In 1979, mainframes still walked the earth. In fact, they were the
dominant form of computing. The IBM PC was about two years in the
future; the microcomputers of the time, as they were known, had too
little capability for more or less anything serious. For some purposes,
especially in research labs and process control systems, so-called
minicomputers--which were small, only the size of one or two full-size
refrigerators--were used. So-called "super-minis", which had the raw
CPU power of a mainframe though not the I/O bandwidth, were starting
to become available.
At the time, Unix ran on a popular line of minicomputers, the Digital
Equipment Corporation (DEC) PDP-11. The PDP-11 had a 16-bit address
space (though with the right OS, you could quasi-double that by using
one 16-bit address space for instructions and a separate one for data);
depending on the model, memory was limited to the 10s of kilobytes
(yes, kilobytes) to a very few megabytes. No one program could access
more than 64K at a time, but the extra physical memory meant that a
context switch could often be done without swapping, since other
processes might still be memory-resident. (Note well: I said "swapping",
not "paging"; the Unix of the time did not implement paging. There was
too little memory per process to make it worthwhile; it was easier to
just write the whole thing out to disk...)
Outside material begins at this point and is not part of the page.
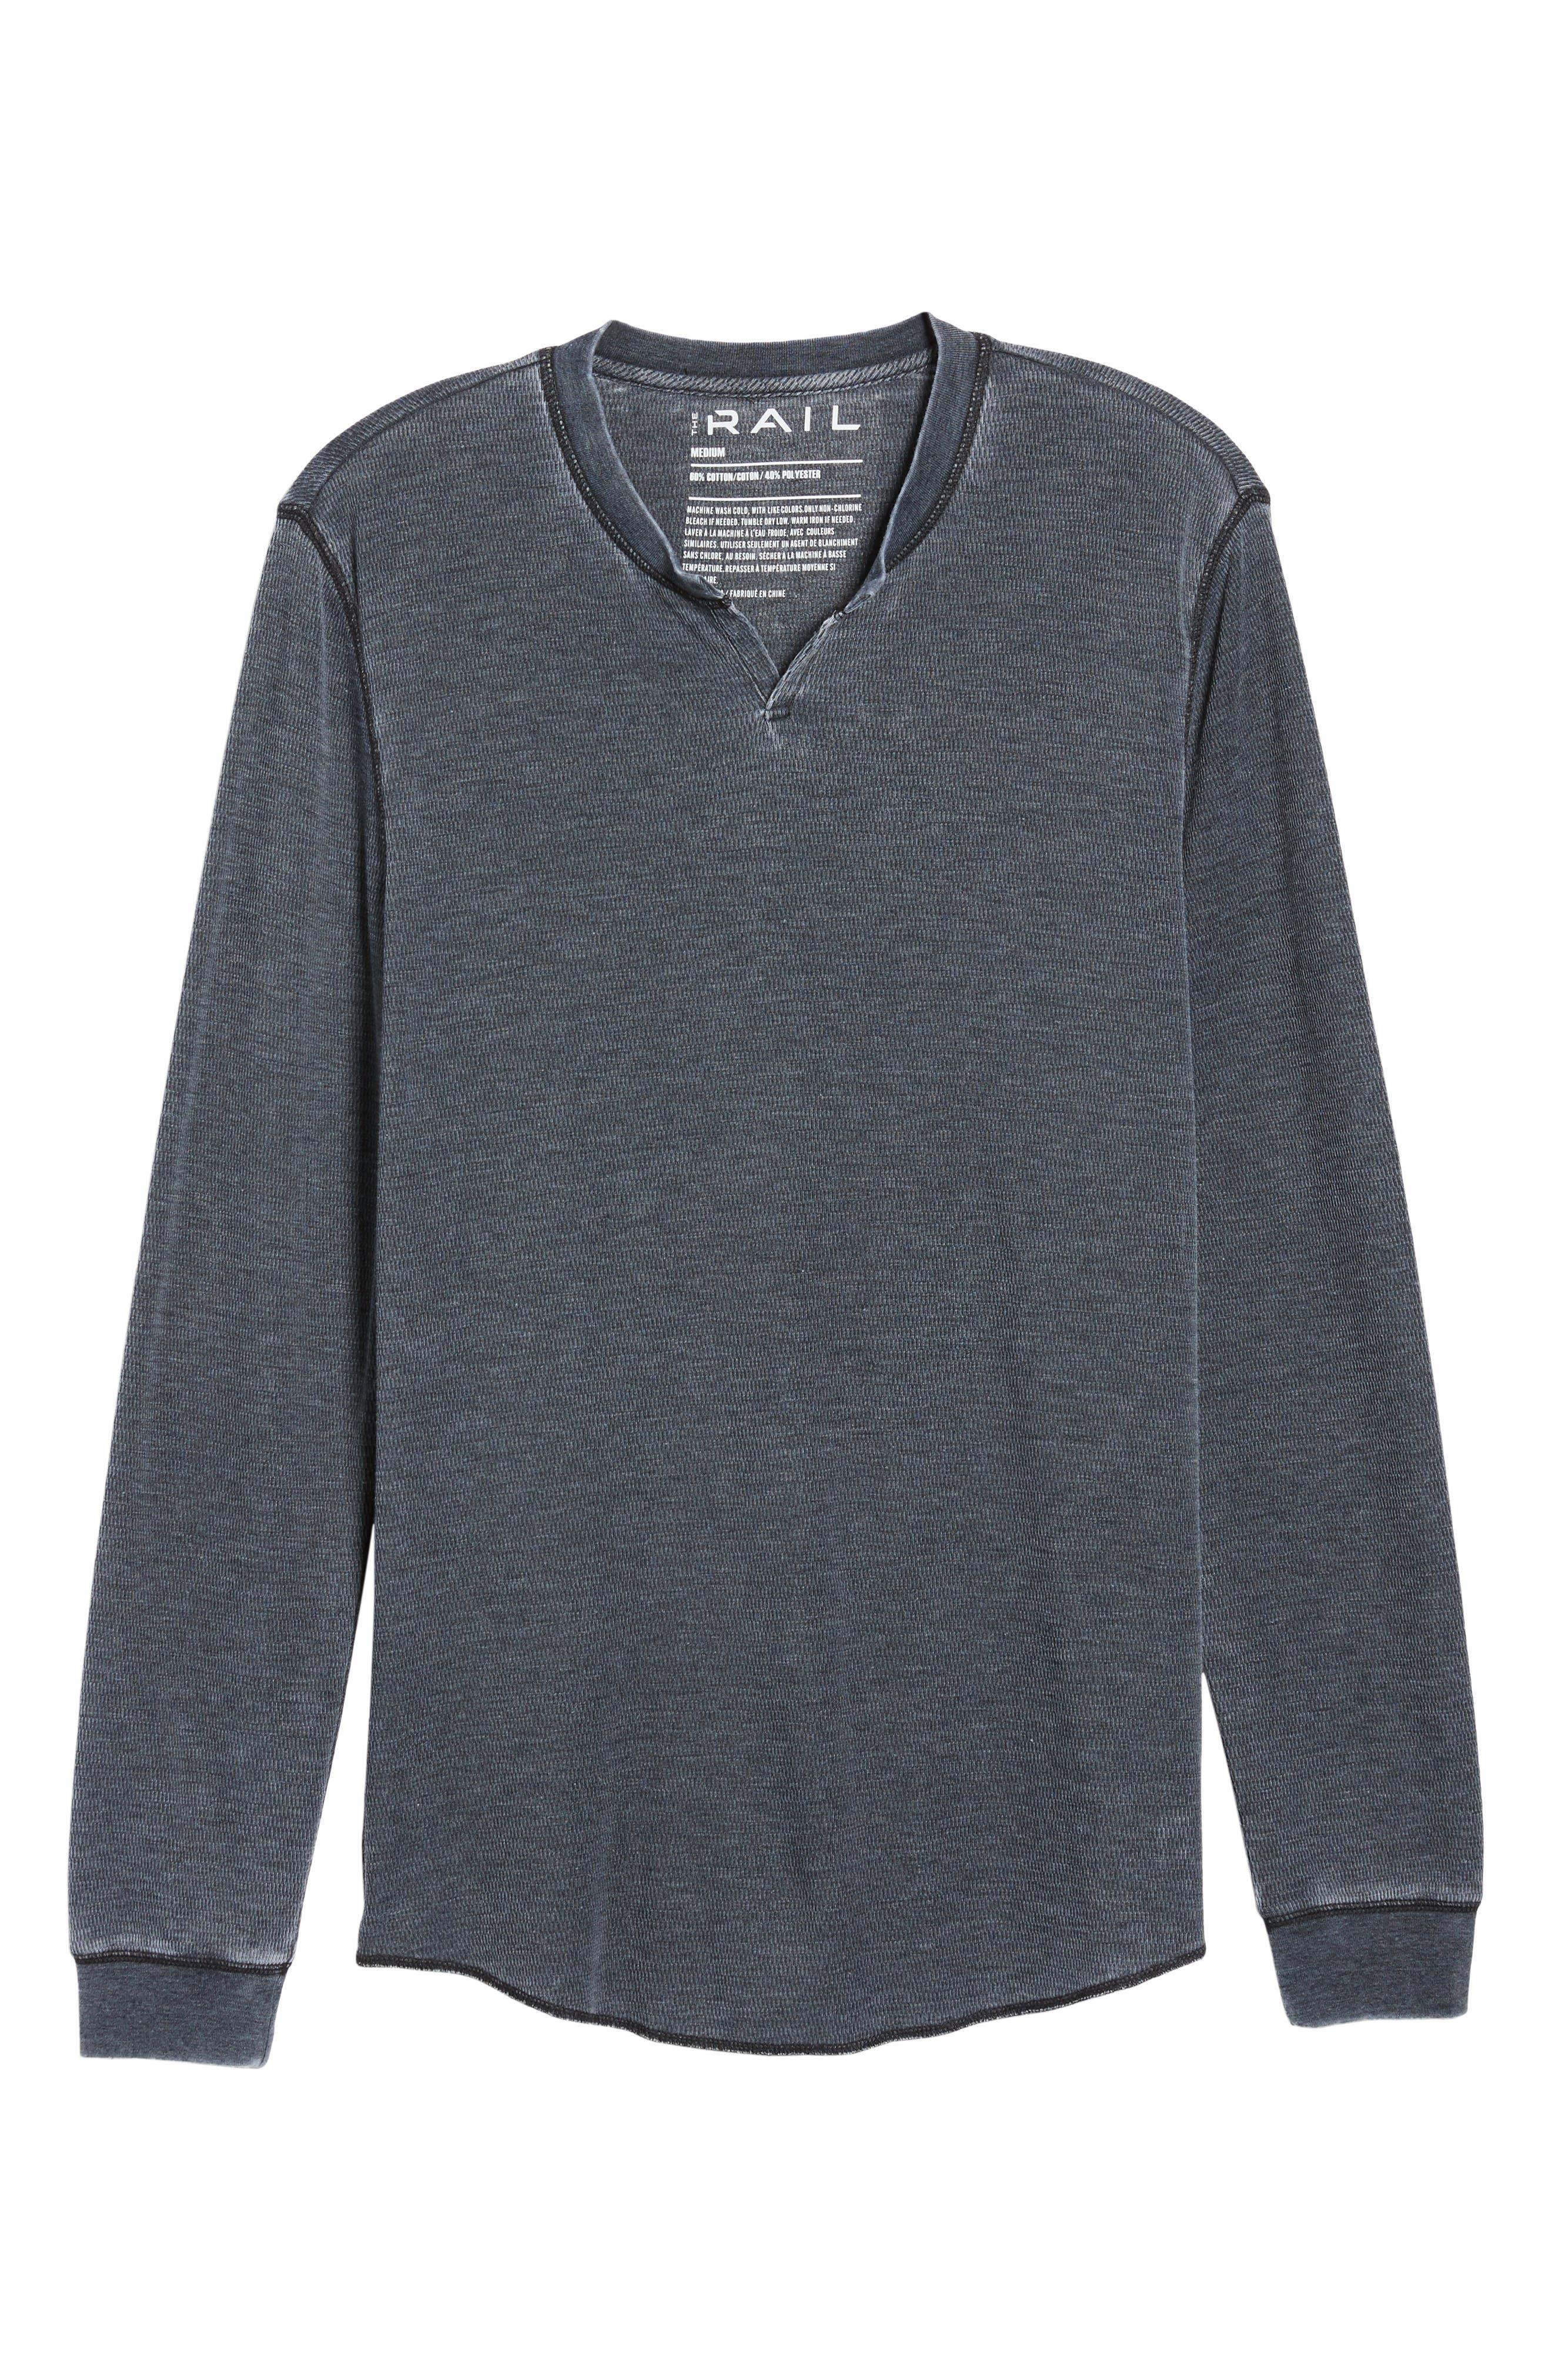 THE RAIL,                             Notch Neck Thermal T-Shirt,                             Alternate thumbnail 6, color,                             001

For most people, networking was non-existent. The ARPANET existed (and
I had used it by then), but to be on it you had be a defense contractor
or a university with a research contract from DARPA. IBM had assorted
forms of networking based on leased synchronous communications lines
(plus some older mechanisms for dial-up batch remote job entry), and
there was at least one public packet-switched network, but very, very
few places had connections to it. The only thing that was halfway
common was the dial-up modem, which ran at 300 bps. The Bell 212A full-
duplex, dial-up modem had just been introduced but it was rare. Why?
Because you more or less had to lease it from the phone company: Ma
Bell, more formally known as AT&T. It was technically legal to buy your
own modems, but to hardwire them to the phone network required going
through a leased adapter known as a DAA (data access arrangement) to
"protect the phone network". (Explaining that would take a far deeper
dive into telephony regulation than I have the energy for tonight.)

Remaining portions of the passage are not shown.